ID: highly_variable_features_scanpy
Namespace: feature_annotation

Links

Expects logarithmized data, except when flavor=‘seurat_v3’ in which count data is expected.

Depending on flavor, this reproduces the R-implementations of Seurat [Satija15], Cell Ranger [Zheng17], and Seurat v3 [Stuart19].

For the dispersion-based methods ([Satija15] and [Zheng17]), the normalized dispersion is obtained by scaling with the mean and standard deviation of the dispersions for features falling into a given bin for mean expression of features. This means that for each bin of mean expression, highly variable features are selected.
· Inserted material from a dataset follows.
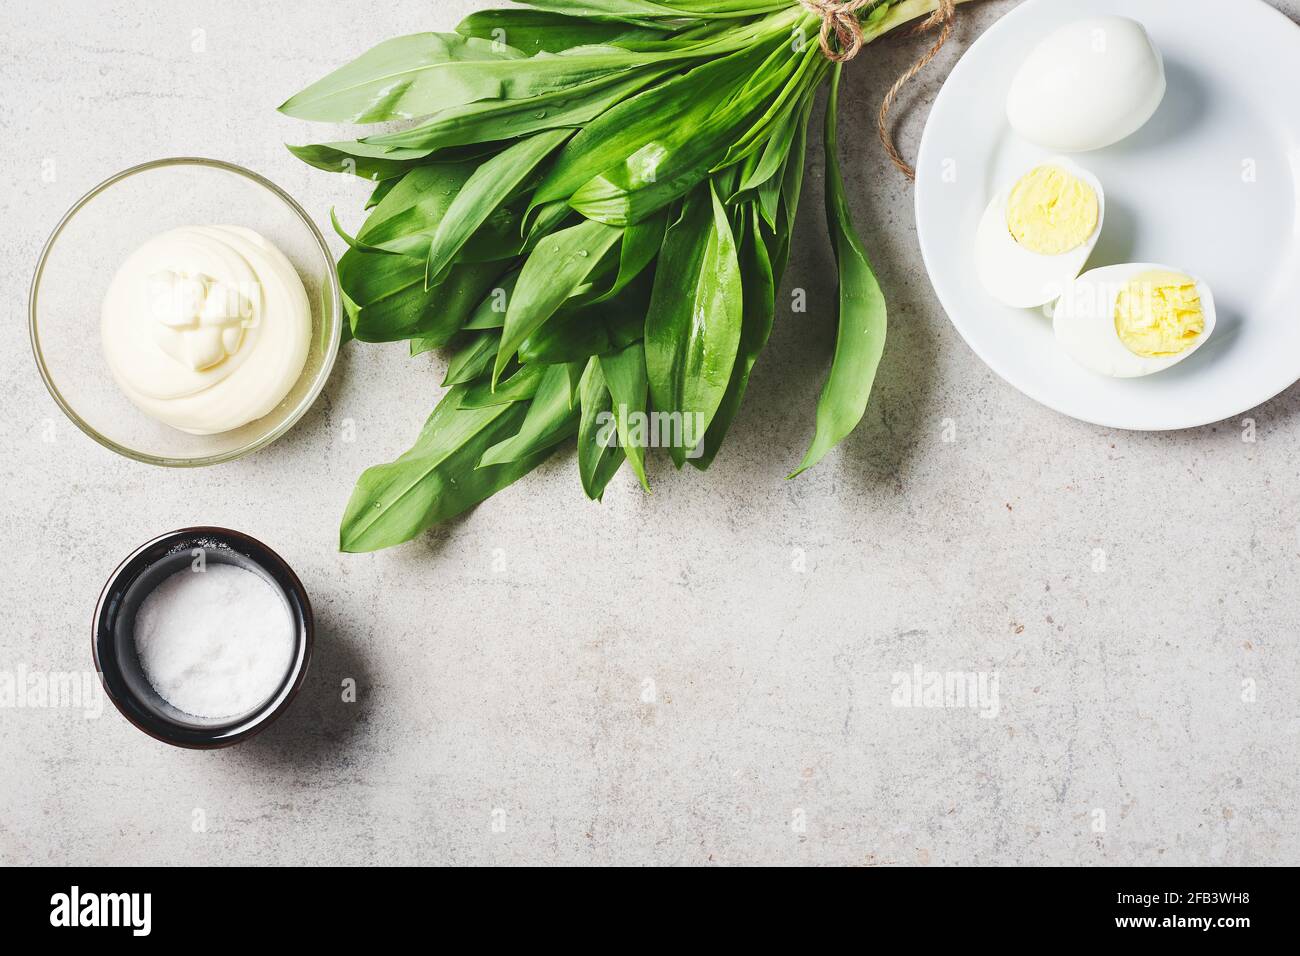 Mazzo di ramson fresco (aglio selvatico), salsa maionese, uova. Ingredienti per un'insalata o un antipasto. Foto Stock
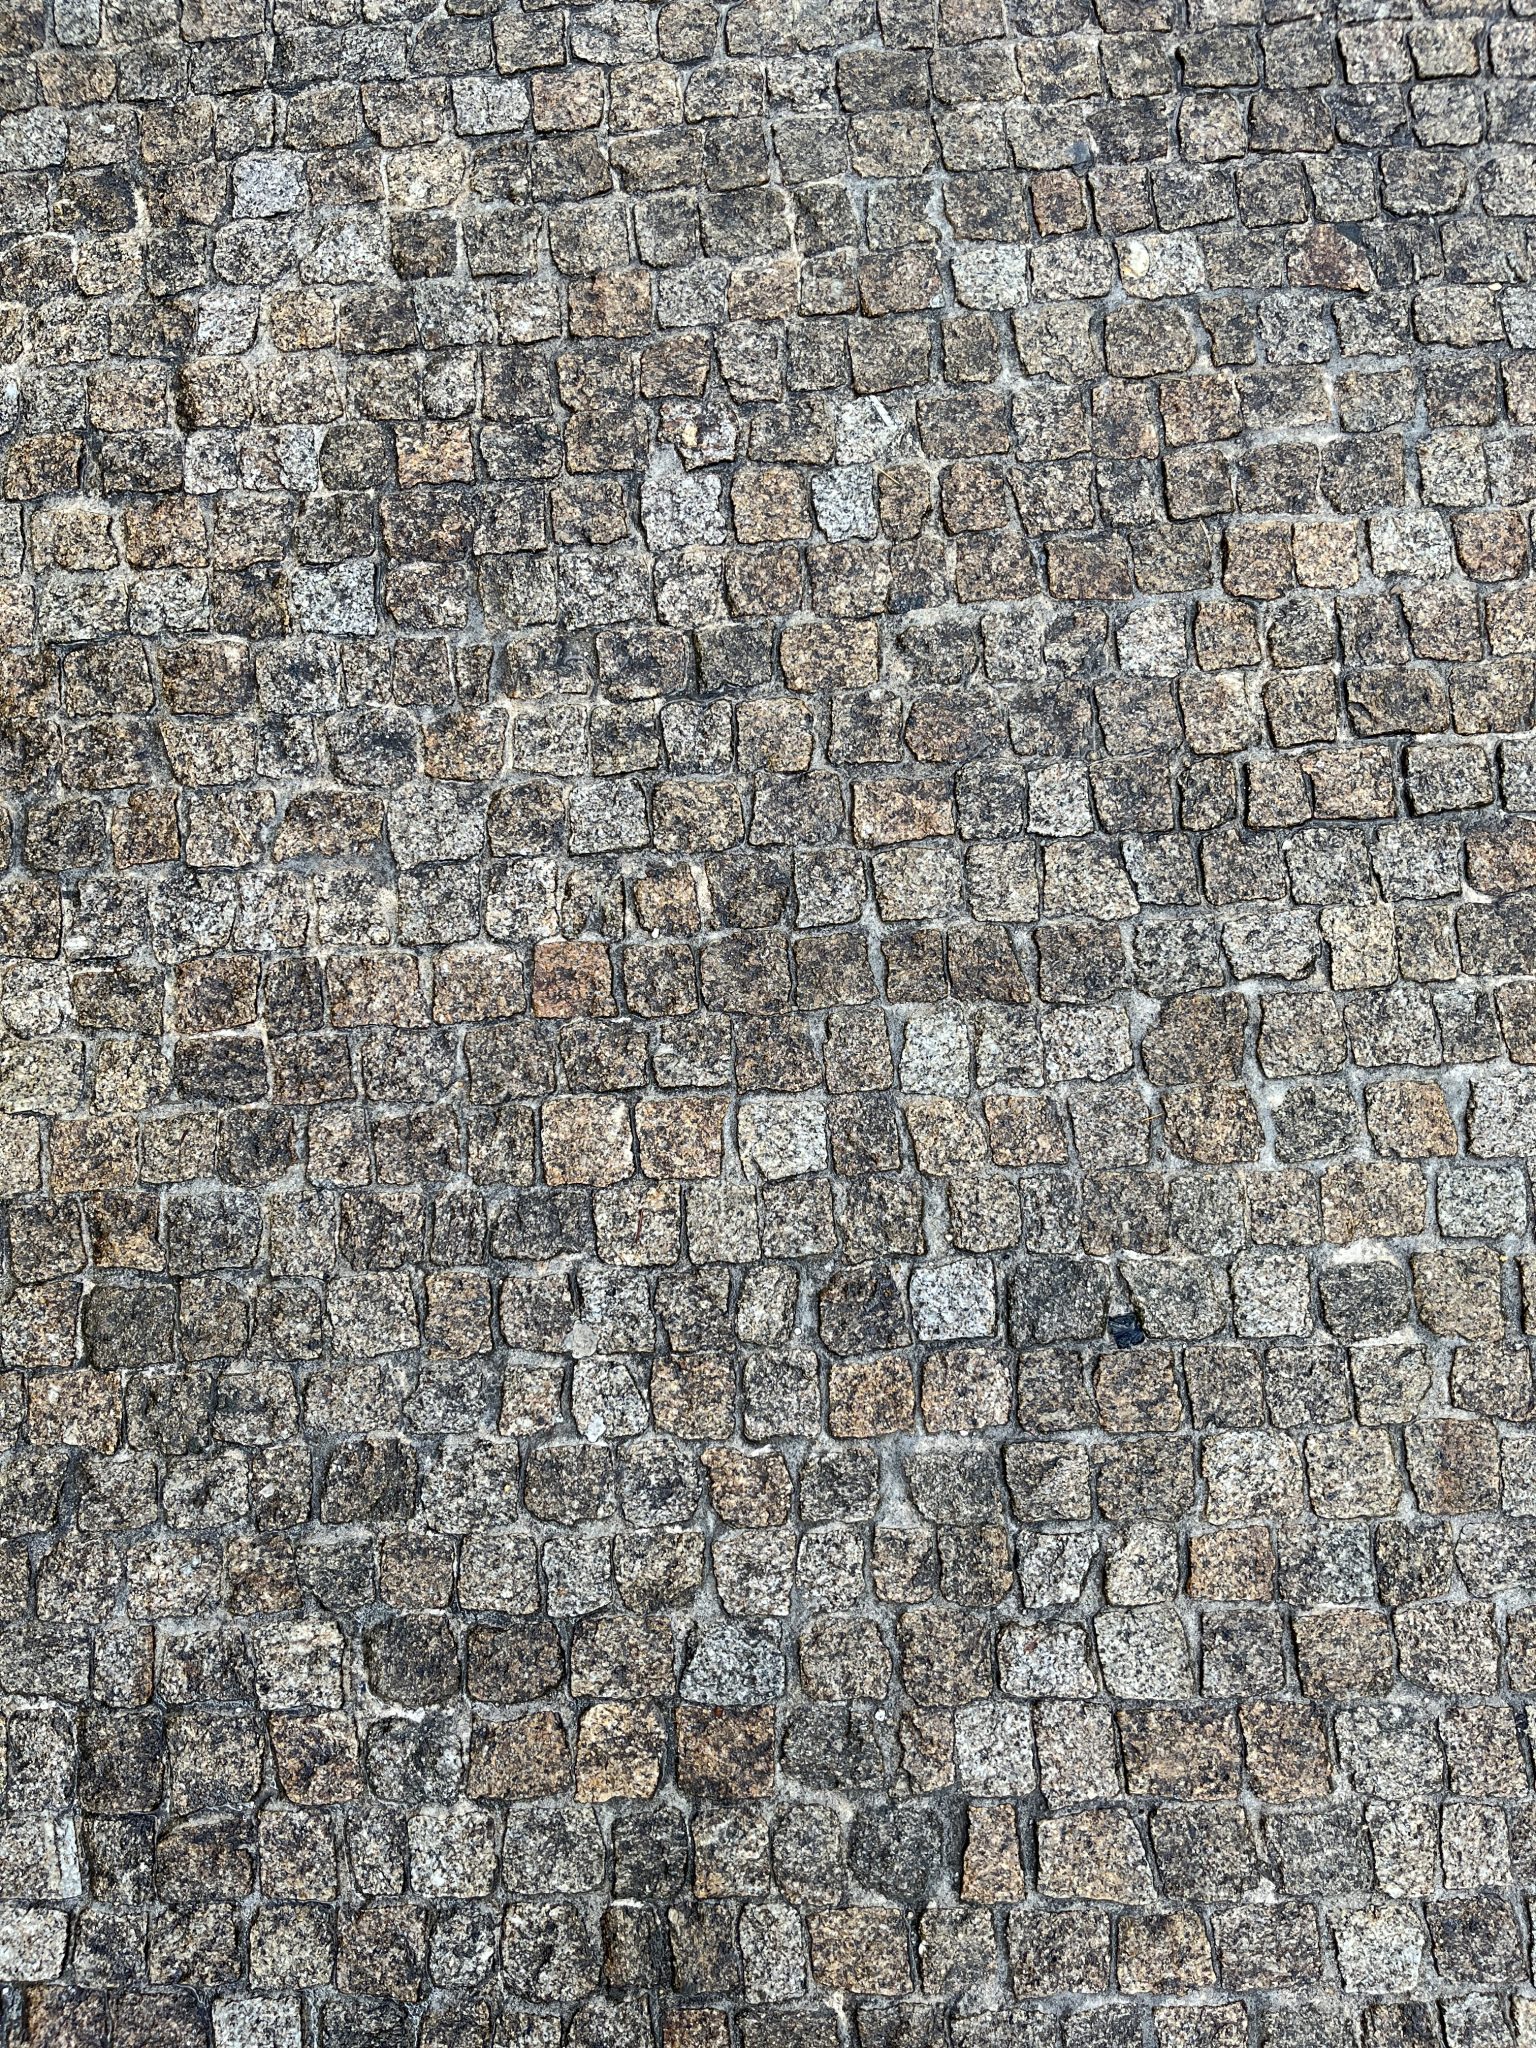 Small cobble stones, Porto, Portugal

For [Stuart19], a normalized variance for each feature is computed. First, the data are standardized (i.e., z-score normalization per feature) with a regularized standard deviation. Next, the normalized variance is computed as the variance of each feature after the transformation. Features are ranked by the normalized variance.

Example commands

You can run the pipeline using nextflow run.

View help

You can use --help as a parameter to get an overview of the possible parameters.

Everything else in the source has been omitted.